Blackman was called in to the Sylvester stores to implement the changes, starting with developing an environmentally-focused mentality at staff level, then reducing power consumption and switching cleaning products.
It was then that Blackman realised that if a business like Sylvester's needed her help, others did too.
Last year, calling on the expertise of friend Kate Medlicott, who has an environmental engineering background, Blackman formed the hothouse (www.thehothouse.org.nz) to help small to medium-sized businesses reduce their environmental impact.
"It's about getting back to basics," Blackman says. "A lot of businesses will have an environmental mission statement, well, that's just the first step. We encourage them to become part of the Sustainable Business Network, to reduce their footprint and to offset the rest."
Drawing on Blackman's public relations background, Medlicott's experience in United Nations projects, and their shared desire to preserve the earth for their children, the pair began auditing a few businesses to identify areas of potential change and working with the companies to see those changes to fruition.
With her background working on sustainability projects for larger companies through Landcare Research, Emma McConachy, who joined the company early this year, fills in the gaps in developing auditing and reporting skills.
"We are looking at how we can take the environmental issues and turn them into [formal practices] to embed [into] an organisation. We develop something that is focused, follows a pattern, is traceable and measurable," Blackman says.
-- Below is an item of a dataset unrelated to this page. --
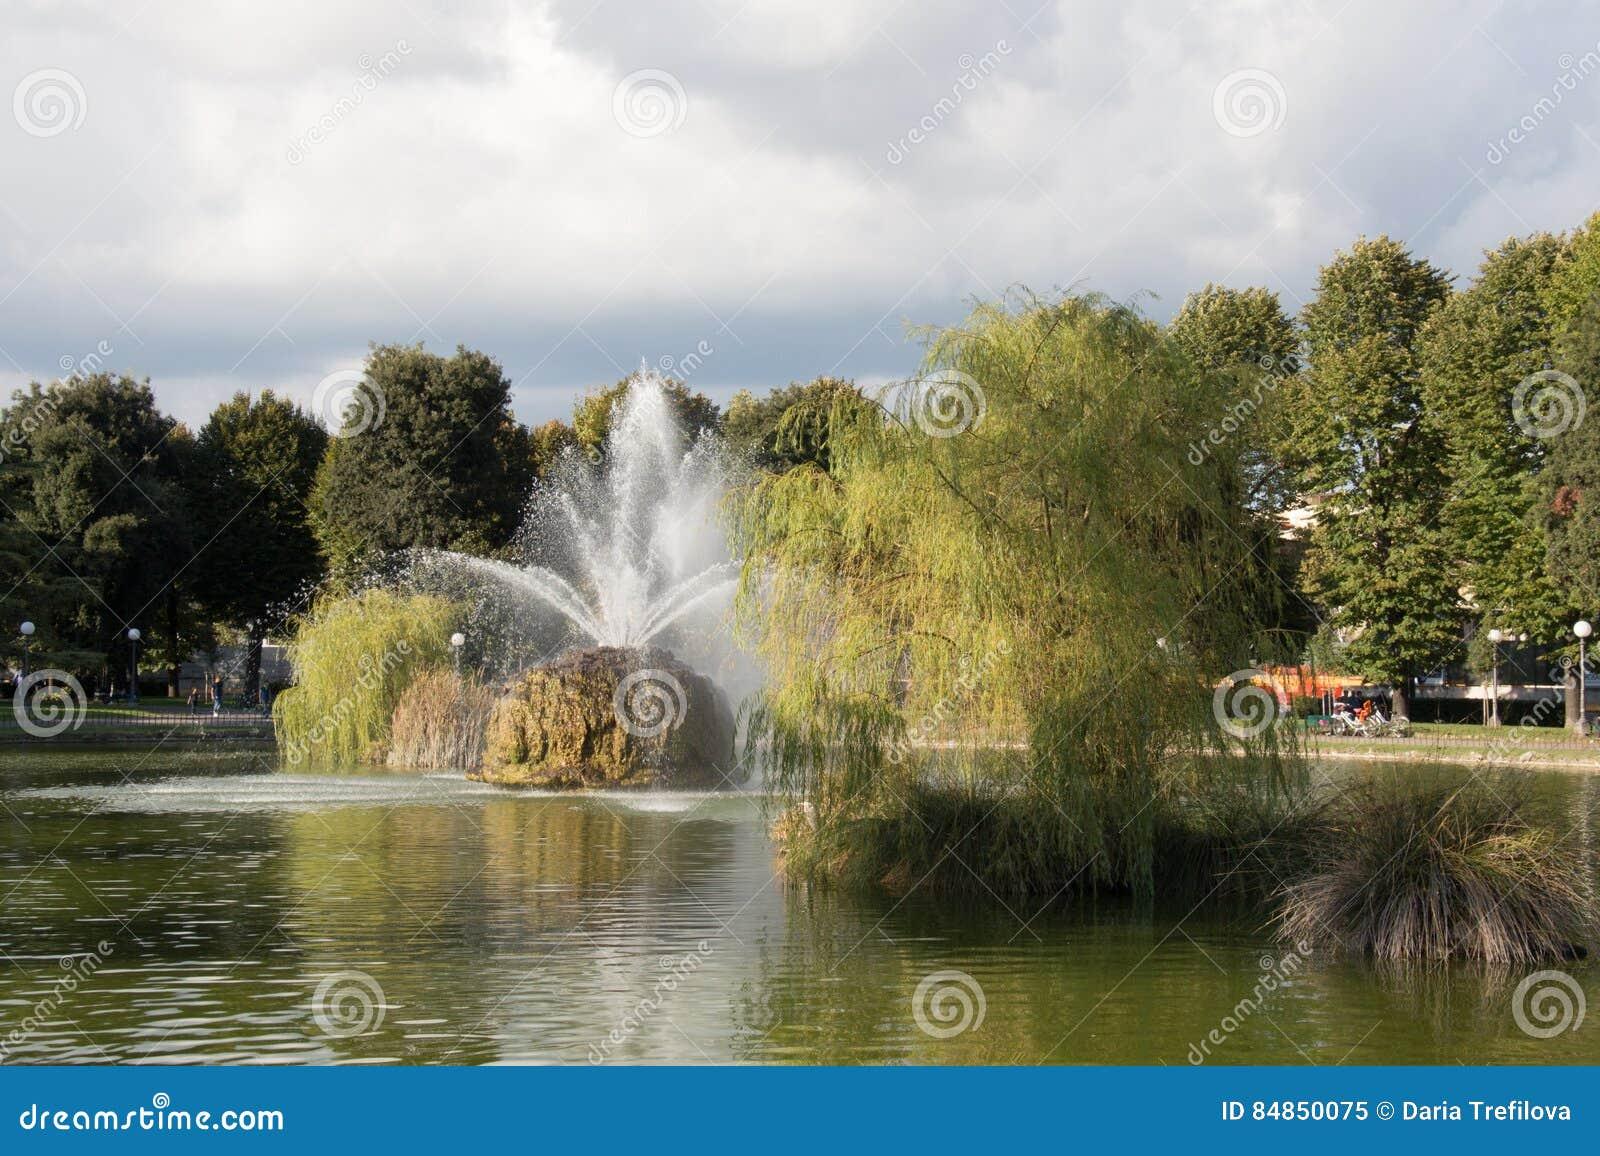 Fontane Da Giardino Firenze.La Fontana Nel Giardino Del Basso Di Fortezza Da Firenze L

The hothouse team usually begins making changes in areas such as using paper responsibly, streamlining office processes, reducing unnecessary travel and switching to eco-friendly products.
"There's got to be a mind shift," says Blackman.
In each case, the hothouse establishes a green committee with representatives of the client's staff. "When staff can take ownership, it motivates them to keep going," says Blackman.
While a company's investment in sustainability will generally pay for itself through long-term savings, the clients approaching the hothouse usually do so to meet the consumer's commitment to supporting green business, Blackman says.
"Consumers are [embracing] sustainability and they vote with the dollar."
With five clients and others in negotiation, the hothouse women believe they have set up a viable business and, a month ago, all left their part-time jobs to focus on the company.
"We set ourselves a target of what we wanted to earn this year and we have already hit that," Blackman says.
Working from home also keeps costs down - as well as the company's carbon footprint.
Blackman says that being regular, down-to-earth mums has worked in the company's favour. "Clients are happy we don't arrive in suits but also happy we aren't dreadlocked vegans."
McConachy, who has worked on similar projects during the past three years, thinks the hothouse has tapped into the market at exactly the right time.
"Soon what we do is going to be like economic accounting."